• TASK REQUIREMENTS: Repeat, word for word, all the data that follows, and exclude the pictures.

• PROVIDED DATA:
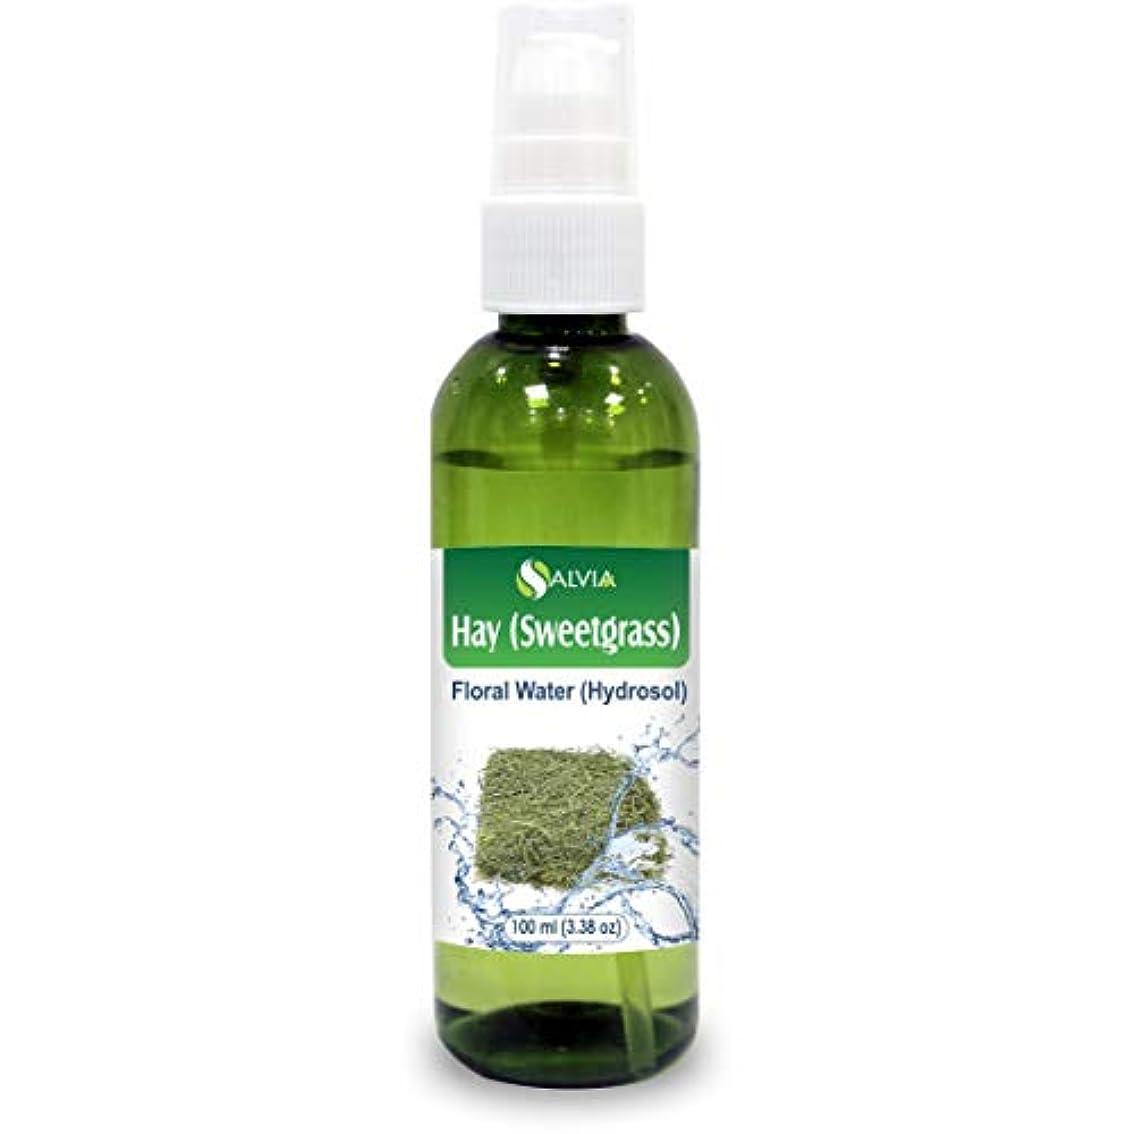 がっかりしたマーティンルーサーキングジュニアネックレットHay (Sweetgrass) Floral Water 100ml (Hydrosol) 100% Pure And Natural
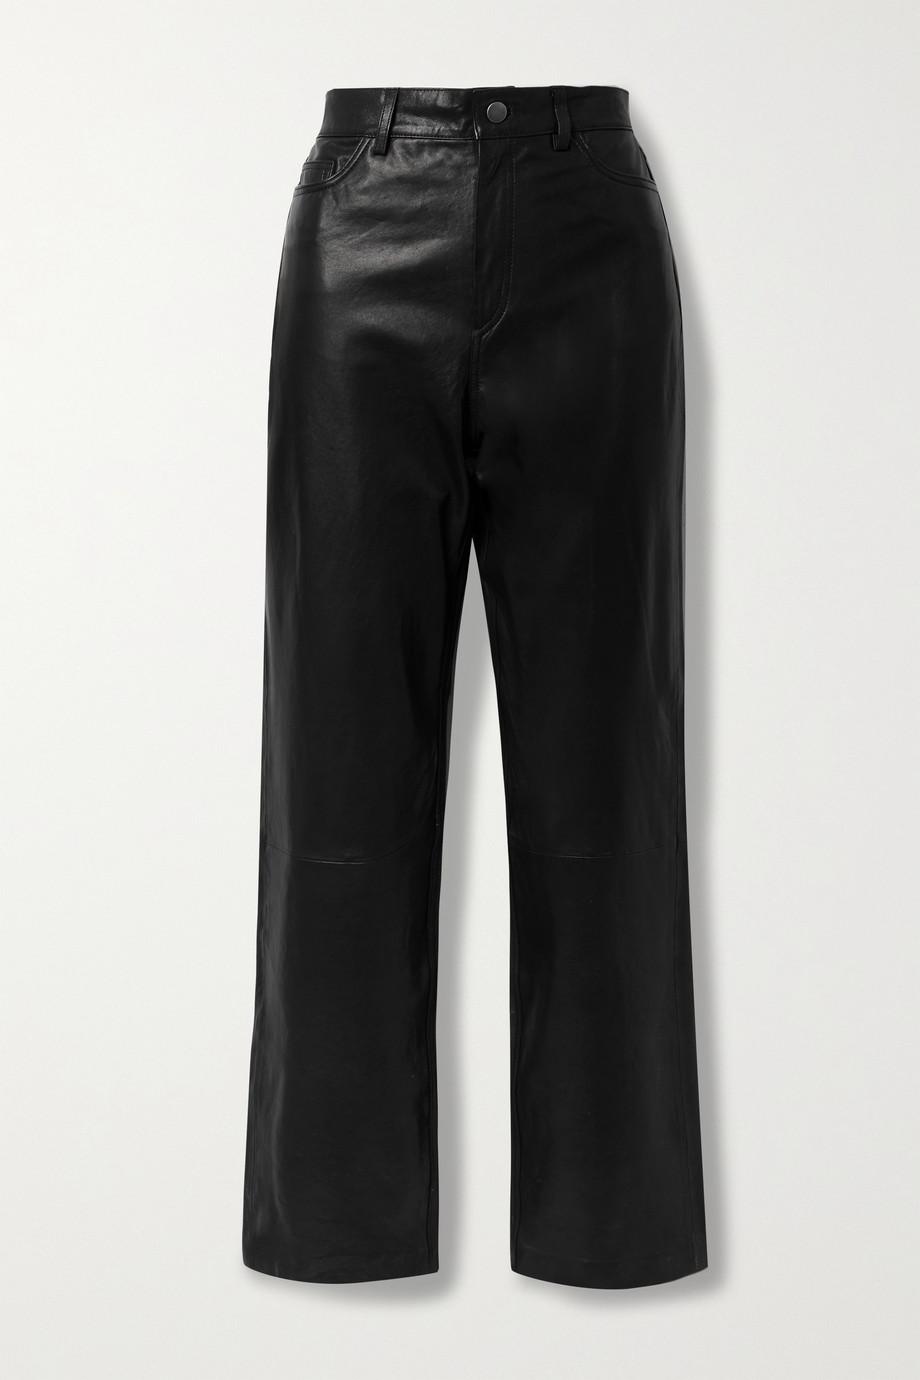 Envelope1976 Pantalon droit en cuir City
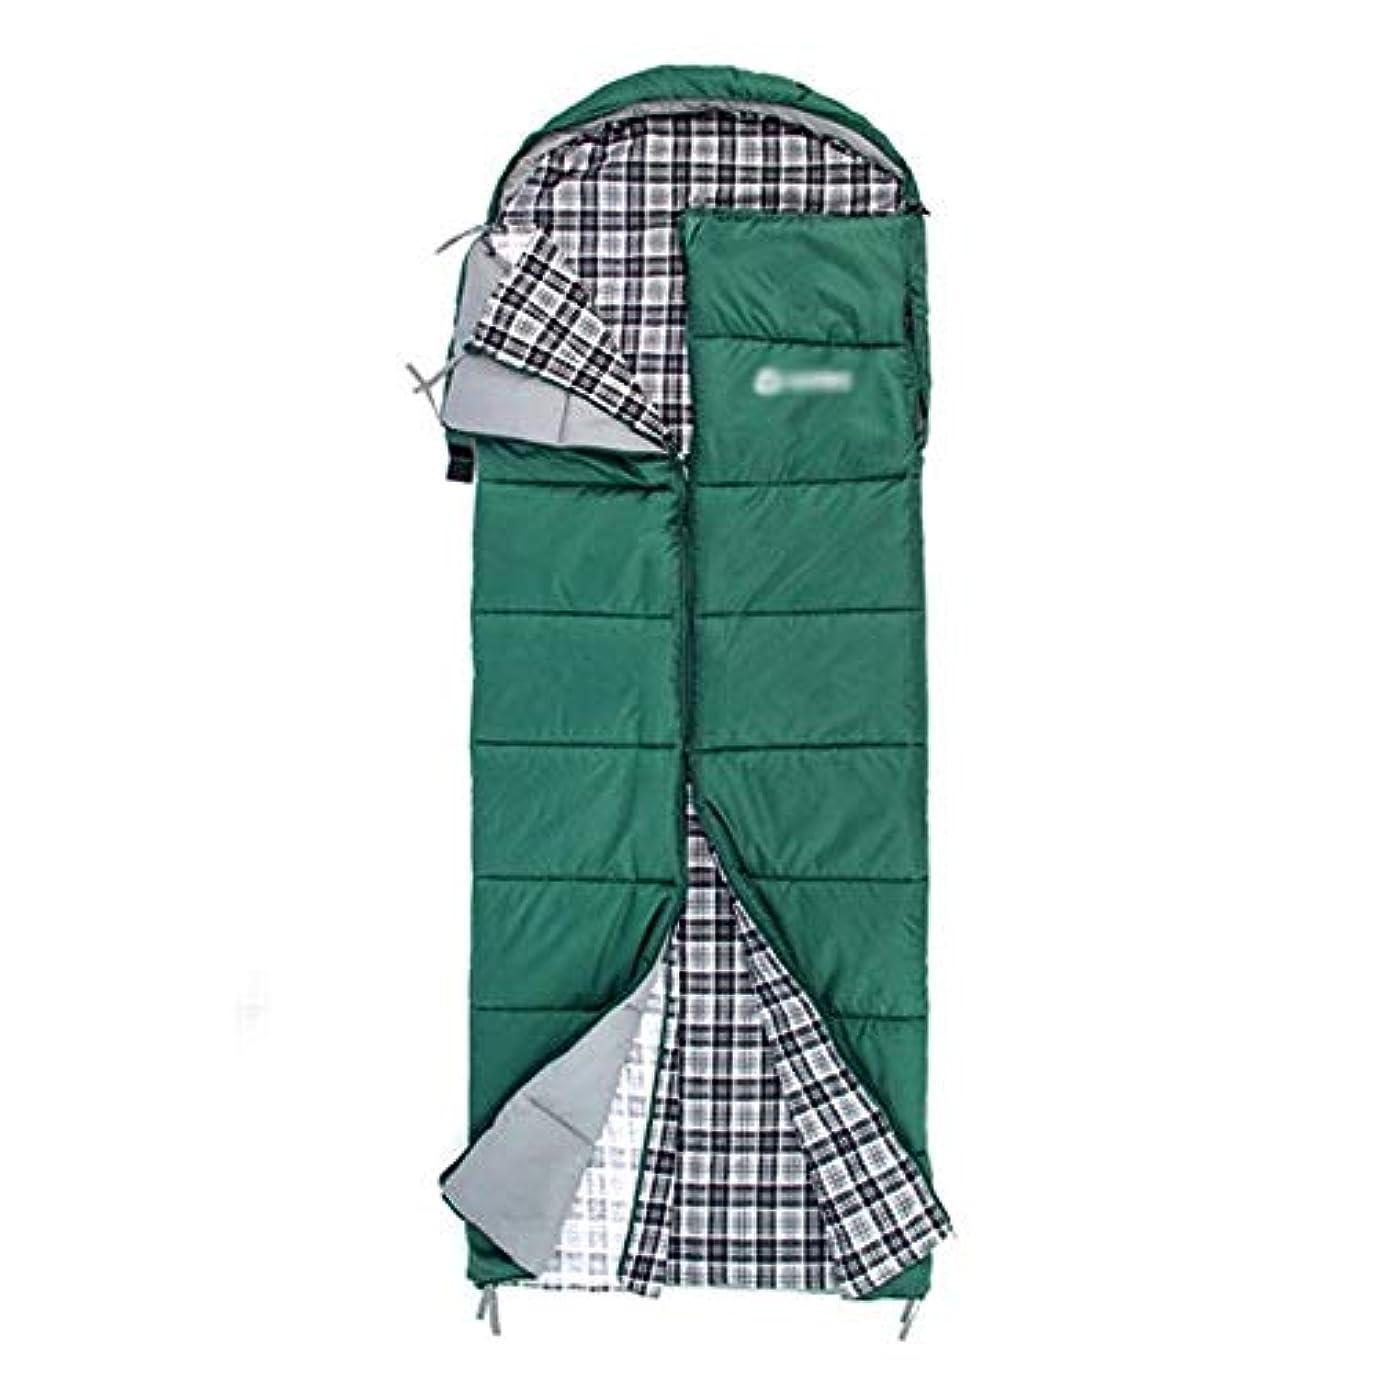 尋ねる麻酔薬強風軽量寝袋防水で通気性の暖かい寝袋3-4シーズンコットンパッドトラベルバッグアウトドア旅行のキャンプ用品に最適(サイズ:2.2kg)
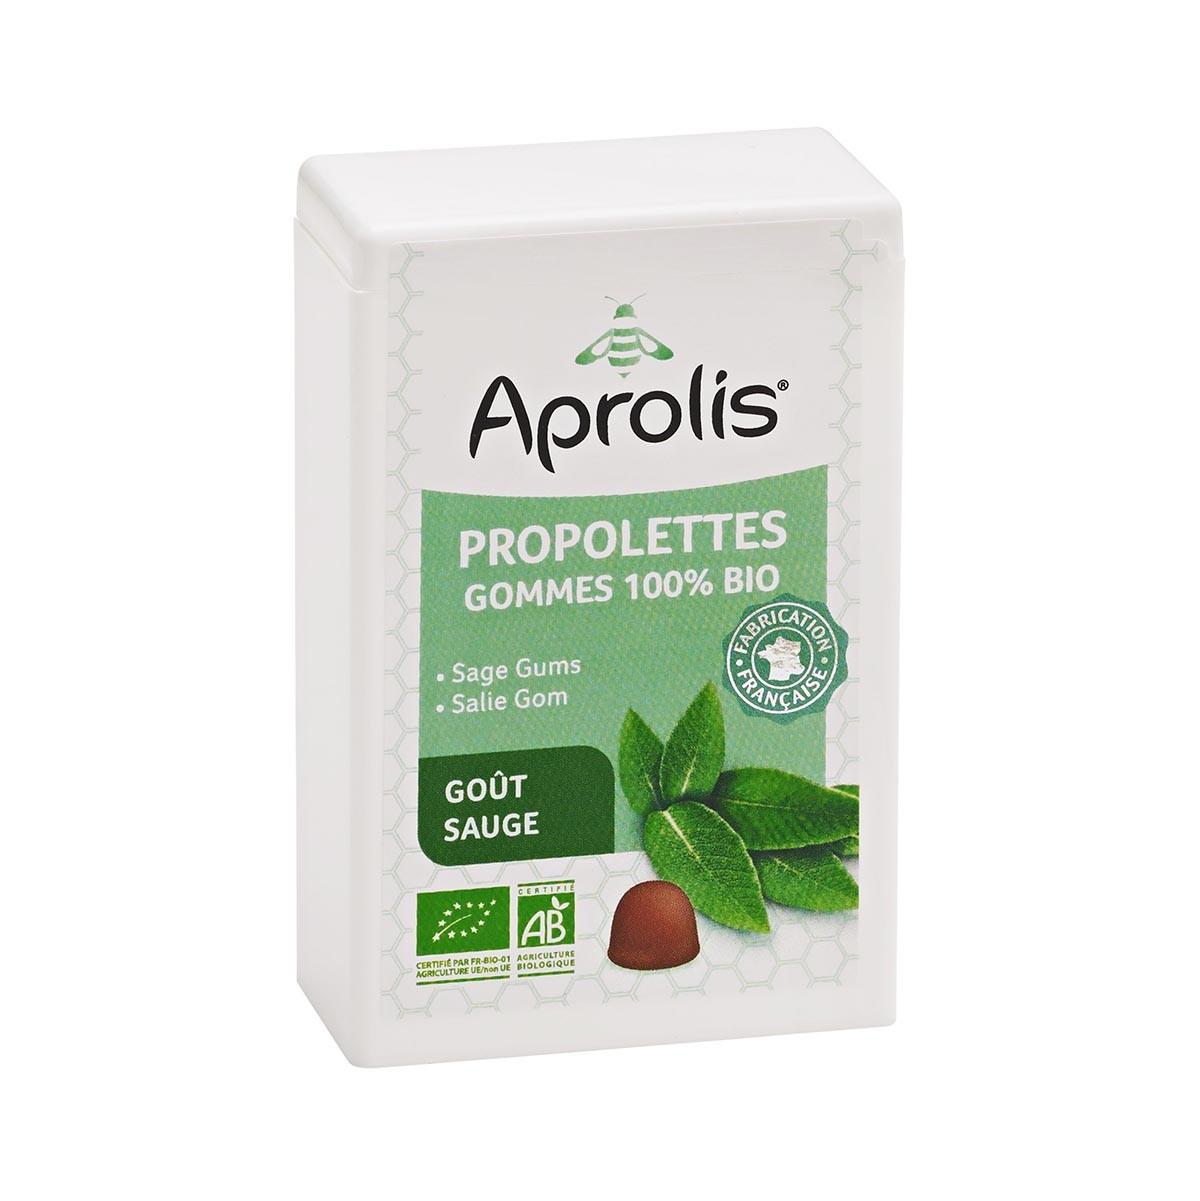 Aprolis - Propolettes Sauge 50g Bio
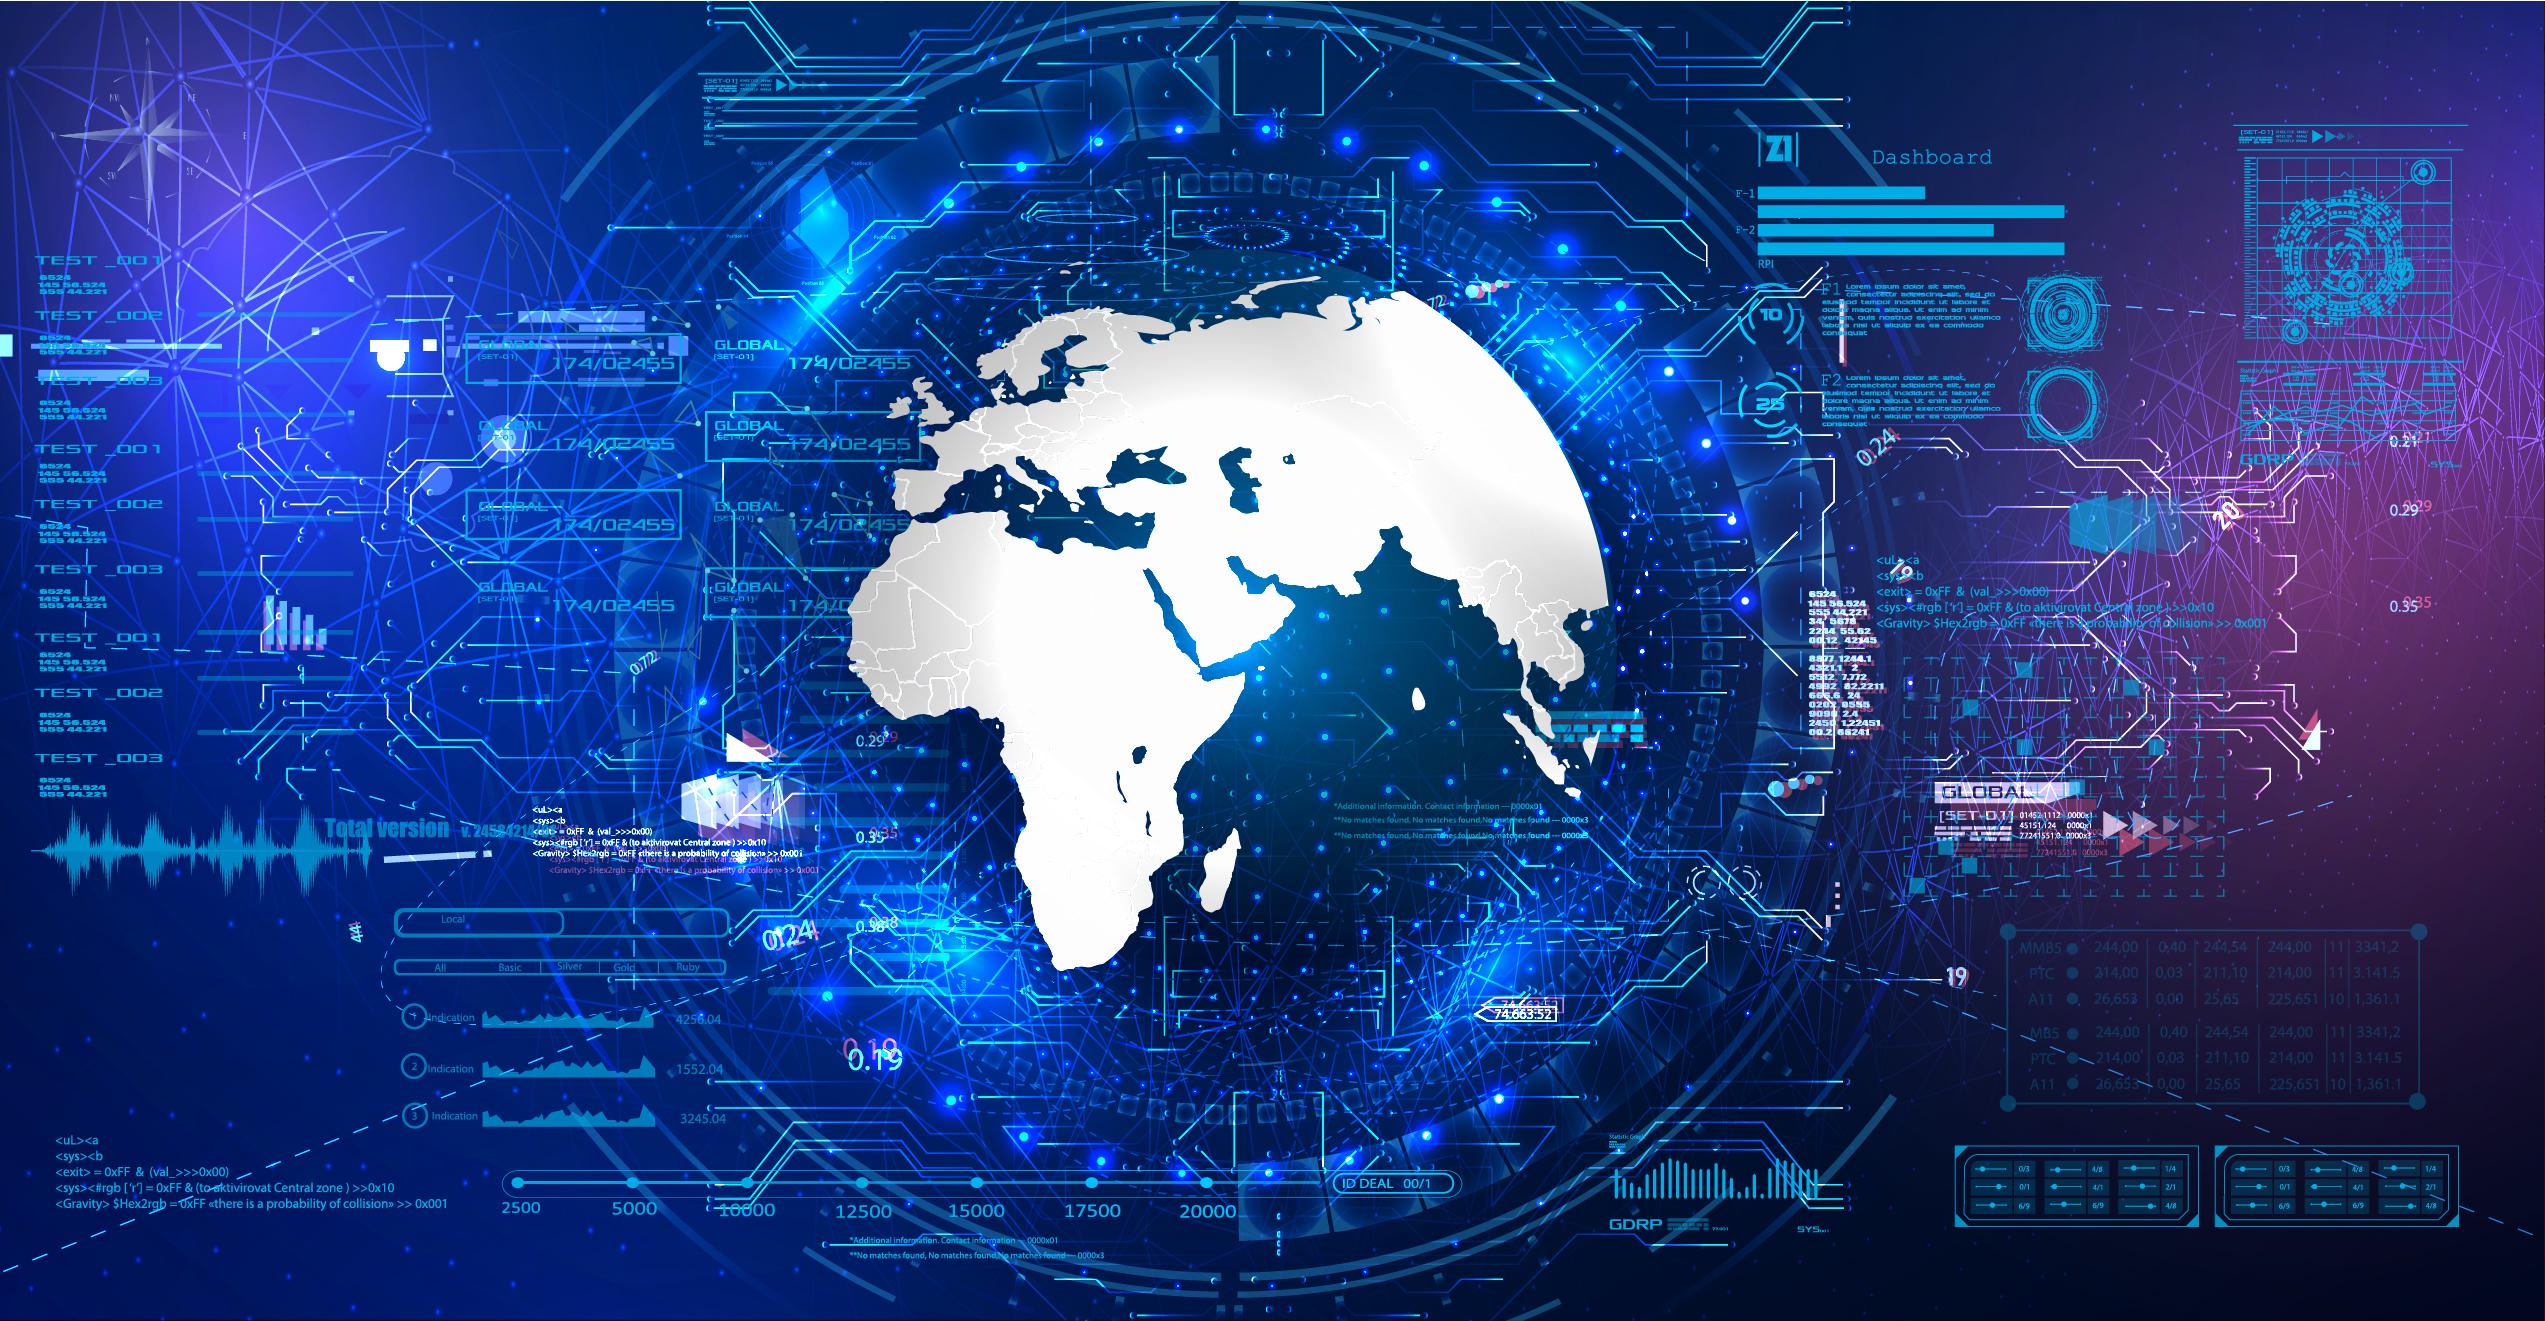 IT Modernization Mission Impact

• THE ANSWER:
 がっかりしたマーティンルーサーキングジュニアネックレットHay (Sweetgrass) Floral Water 100ml (Hydrosol) 100% Pure And Natural
 Envelope1976 Pantalon droit en cuir City
 尋ねる麻酔薬強風軽量寝袋防水で通気性の暖かい寝袋3-4シーズンコットンパッドトラベルバッグアウトドア旅行のキャンプ用品に最適(サイズ:2.2kg)
 Aprolis - Propolettes Sauge 50g Bio
 IT Modernization Mission Impact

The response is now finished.